11th August 2015
This month we caught up with Dr Helen Thomson from Specialist Services to find out about their QI project aimed at improving physical health for people taking antipsychotic medication in the Community Learning Disabilities Service.
How did you identify the improvement idea for your project?
A previous trainee carried out an audit which demonstrated low compliance with the recommended monitoring of physical health side effects from antipsychotics according to NICE. We had also informally noticed that certain equipment was not available and systems were not in place to easily hand over the information about monitoring to incoming doctors and easily communicate it to GPs. We were also aware that there are a lot of community programs which aim to improve cardiovascular health through diet and exercise but we sometimes weren’t aware which programs are still running, which are suitable for people with learning disabilities and how we refer our patients. This might have impeded the discussions about diet and exercise if clinicians did not feel confident that there would be a suitable management option available.
Did you identify any barriers to your project? if so how did you overcome them?
We found that clinicians were carrying out monitoring in an ad-hoc manner, when they noticed something was overdue. This means that each patient might have had measures assessed at different times of year. This made it fairly slow to find the information which affecting the QI data collection but made it difficult for clinicians to notice when monitoring is overdue. We therefore changed the approach to monitoring to make it a structured, yearly screen which should be documented in a designated section of the clinic letter and this section is pre-populated so that is it more clearly obvious when the next check is due. This saved time with the data collection, which had been a significant barrier to the project.

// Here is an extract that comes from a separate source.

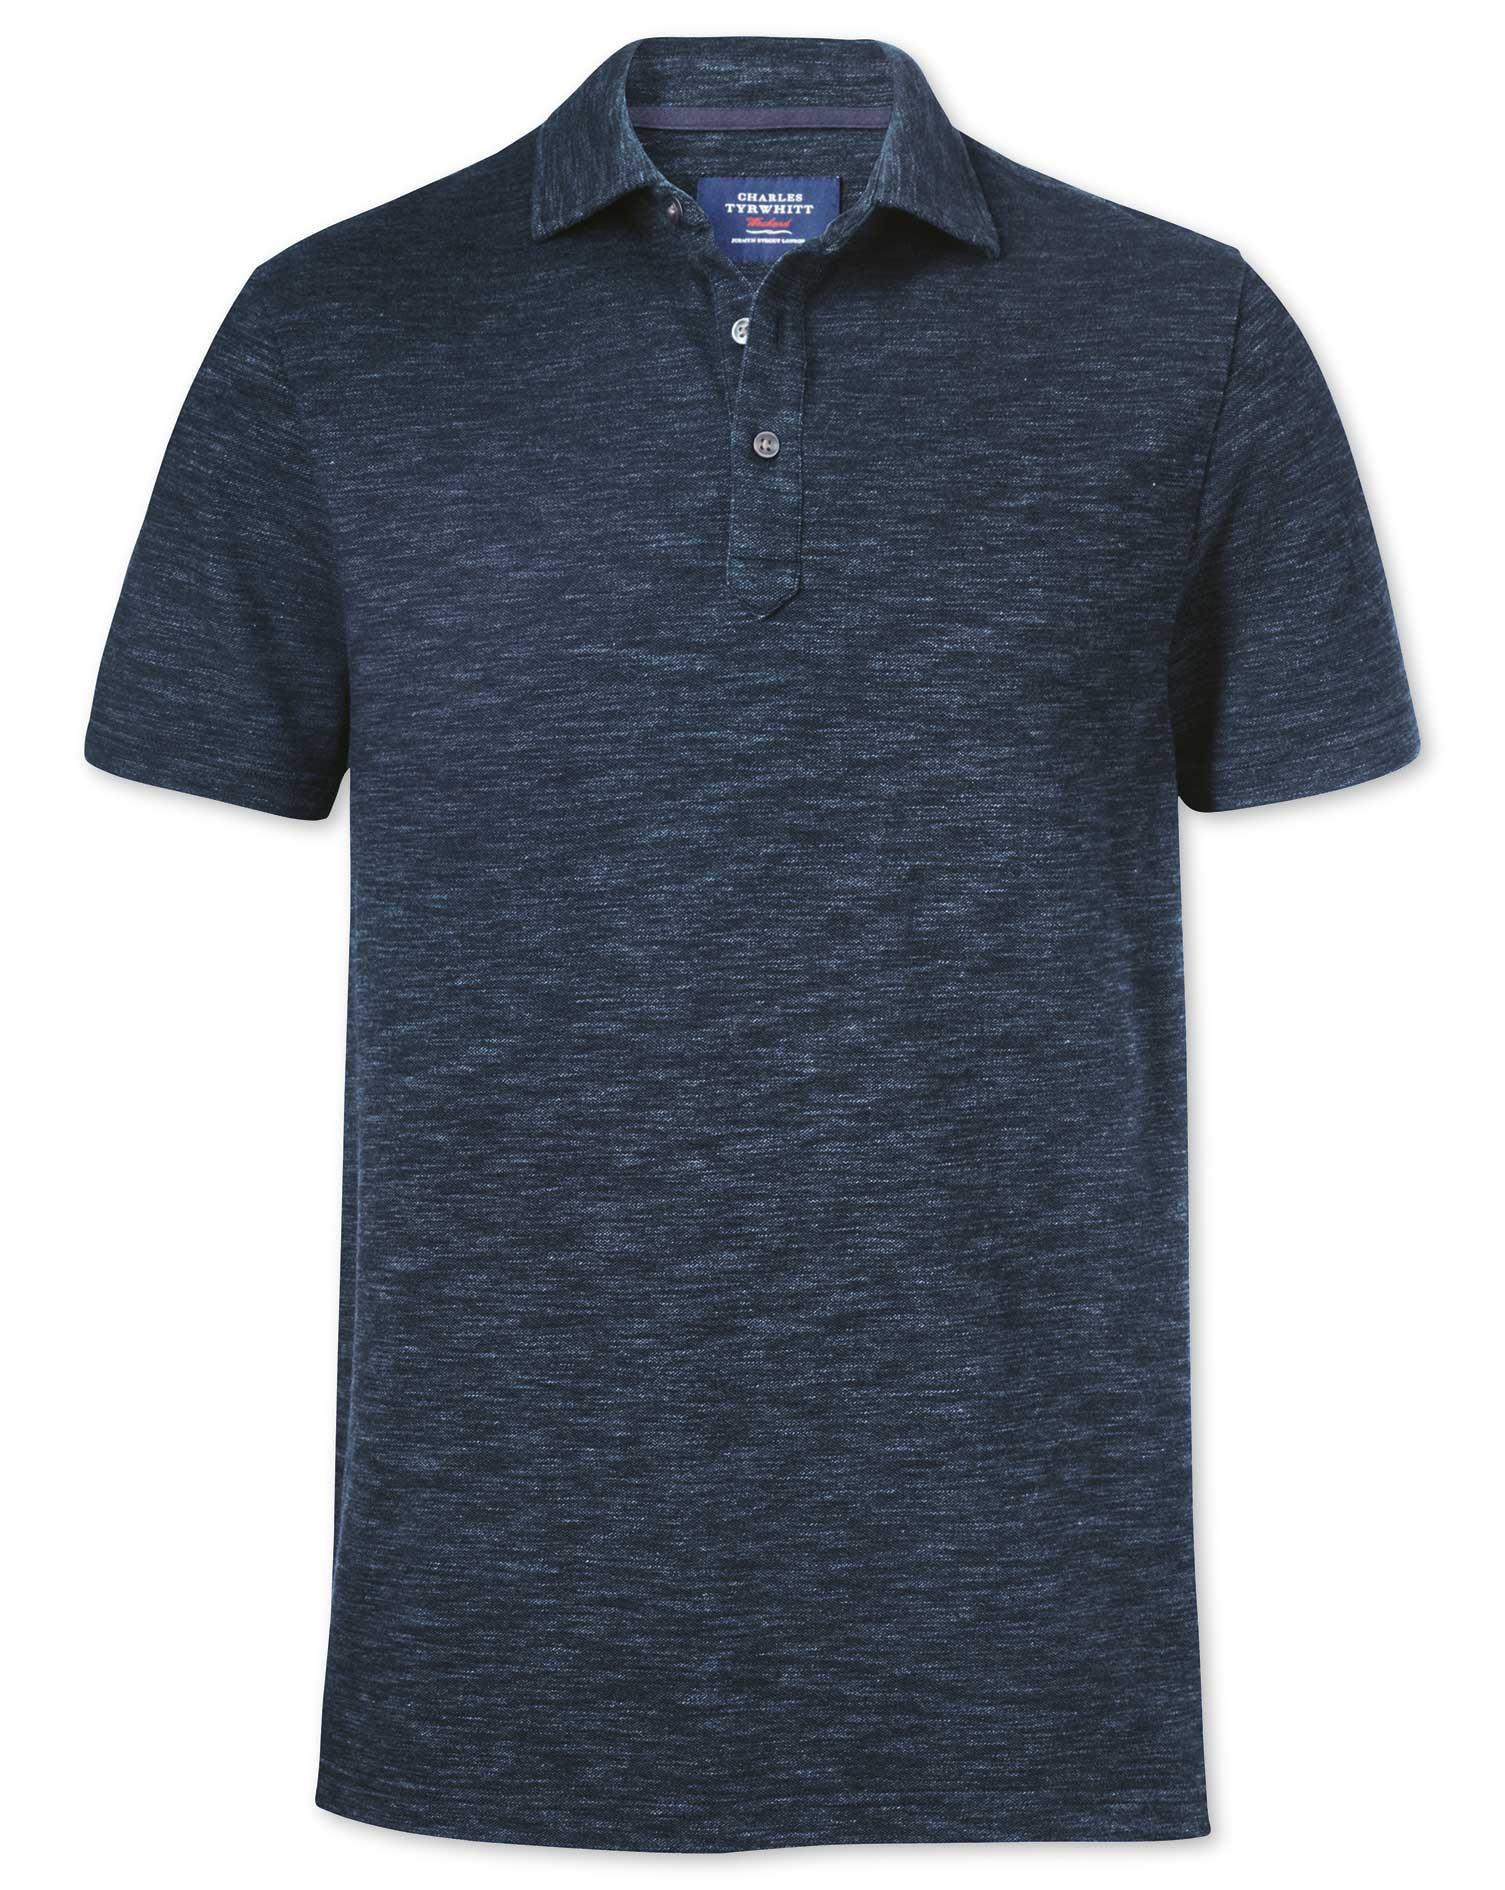 Denim Blue Cotton Polo Size XL by Charles Tyrwhitt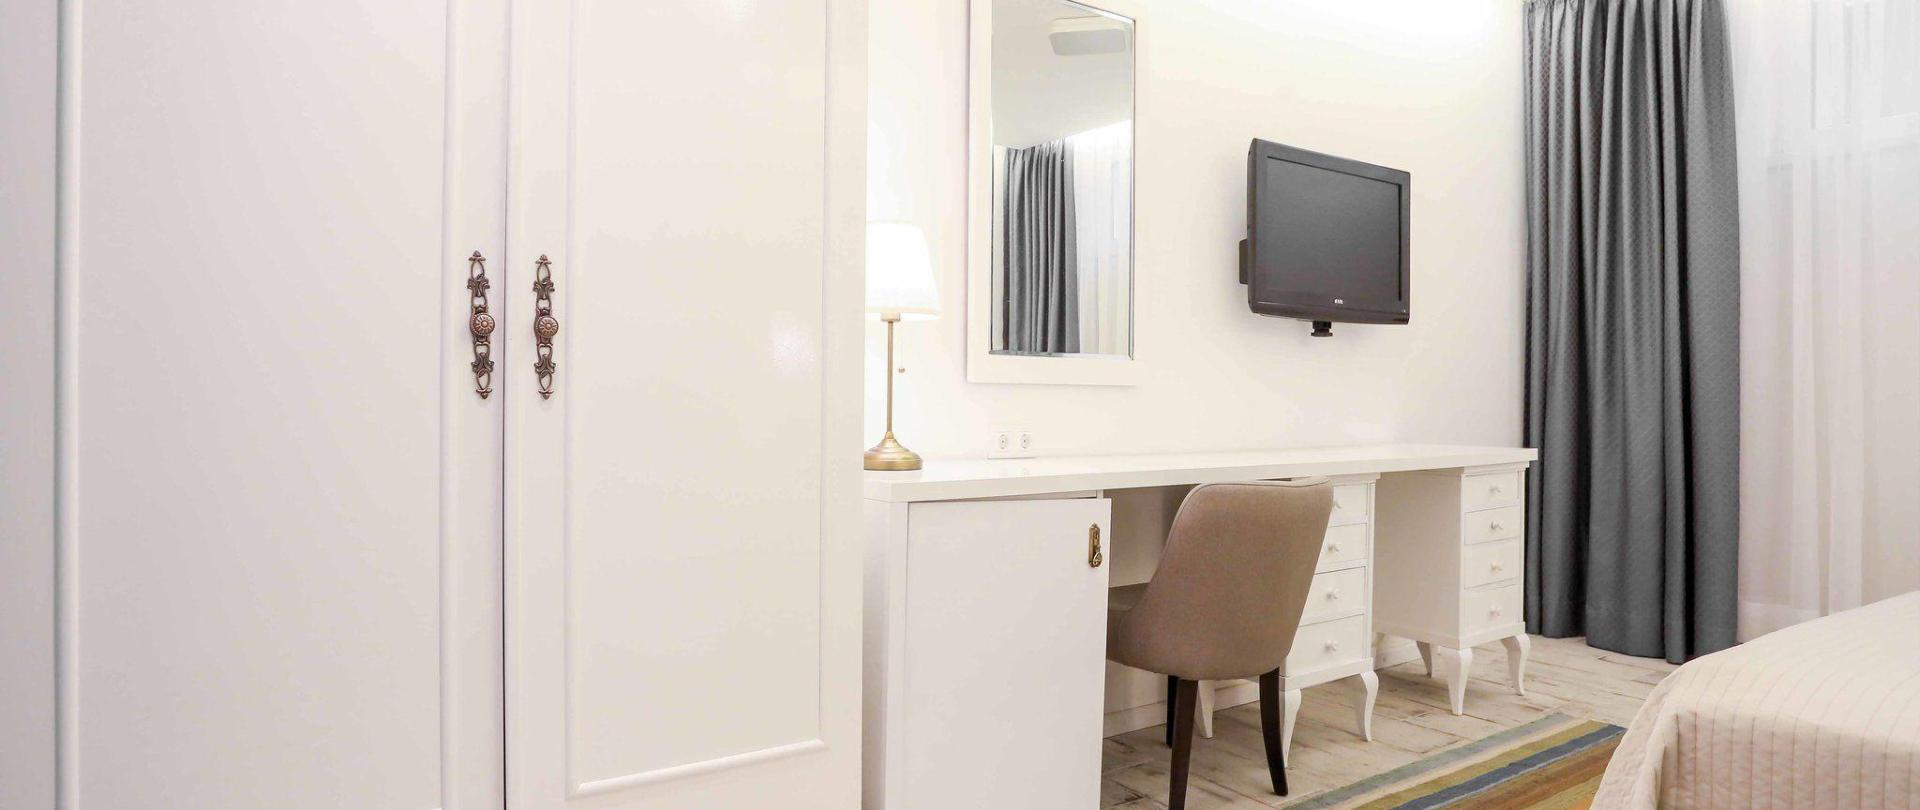 hotel-divan-by-dzenat-drekovic-29-08-2016-2.jpg

Other barriers included around the finding out what issues affected patients getting blood tests. I tried to carry out process mapping of ten patients who didn’t have results available. I discovered that some of these patients had in fact had blood tests and the results were on a different pathology system. Therefore quite small numbers of patients actually hadn’t had a blood test so improvements in this area would result in quite a small change. Numbers remained low when I carried out process mapping for all patients without blood results. The most obvious reason some patients hadn’t had a test was due to them being scared and therefore not compliant. In a few patients, other staff had become involved in a plan to carry out some desensitisation work with the patient. In most of the other patients who hadn’t had a test, we had asked the GP to arrange a blood test but no request had been sent and it was difficult to find out why. Perhaps this indicated some issues around communication with GPs however the numbers for this were very low.
What are your early results and latest data showing us?
Our early results show initial improvements across all measures with a subsequent slight drop in the results in June. The reasons for this drop might include a number of patients having had an appointment earlier in the QI period and having had their monitoring at this stage and therefore the clinician not wishing to repeat the monitoring. Clinicians each taking leave in the summer meant fewer patients were seen in this period, affecting the results.
The results are higher for patients seen in clinic, probably because of the height, weight and blood pressure equipment being there. Because of this we are thinking of ways to improve the collection of results for these measures during domiciliary visits. This might include portable equipment or better communication with GPs who tend to have this information for our patients from their learning disability annual health checks.
How has the QI training influenced the way you run your project?
I used the information on the QI microsite and IHI website to learn about the methodology and also had some really valuable advice from our QI coach, Genevieve Holt. We realised that our first plan was in fact, more of an audit in that it mostly targeted clinician behaviour and therefore might have not resulted in sustainable changes. We then tried to look at the systems and think a bit more radically about how to introduce a ‘change’ rather than a ‘task’.
We had also planned to collect data every 2 months as the data collection was quite a slow process. We realised this would not adequately inform us which changes had been responsible for any improvement as several changes would have been tested together. It would have been too slow to carry out successive trials of change ideas. We changed the planned data from the percentage of patients who had the recommended monitoring over the last 12 months, to the percentage of patients seen by any clinician over a 2-week period who had the monitoring during this time. 2-week cycles meant small changes could be tested and adapted more effectively.
Finally, how would you sum up your personal learning experience of QI and its benefits?
I found that QI methodology allowed me to think more imaginatively about the systems and how I would ideally design them. In QI, if a change seems sensible then you test it out on a small scale. Thinking in this way will hopefully help me try out solutions to problems in the future without worrying too much about the possible consequences.
It has also helped me realise the value of maintaining good working relations with other agencies and disciplines. The fact that most team members were happy to participate in this project was really helpful to the project and a valuable lesson in leadership skills.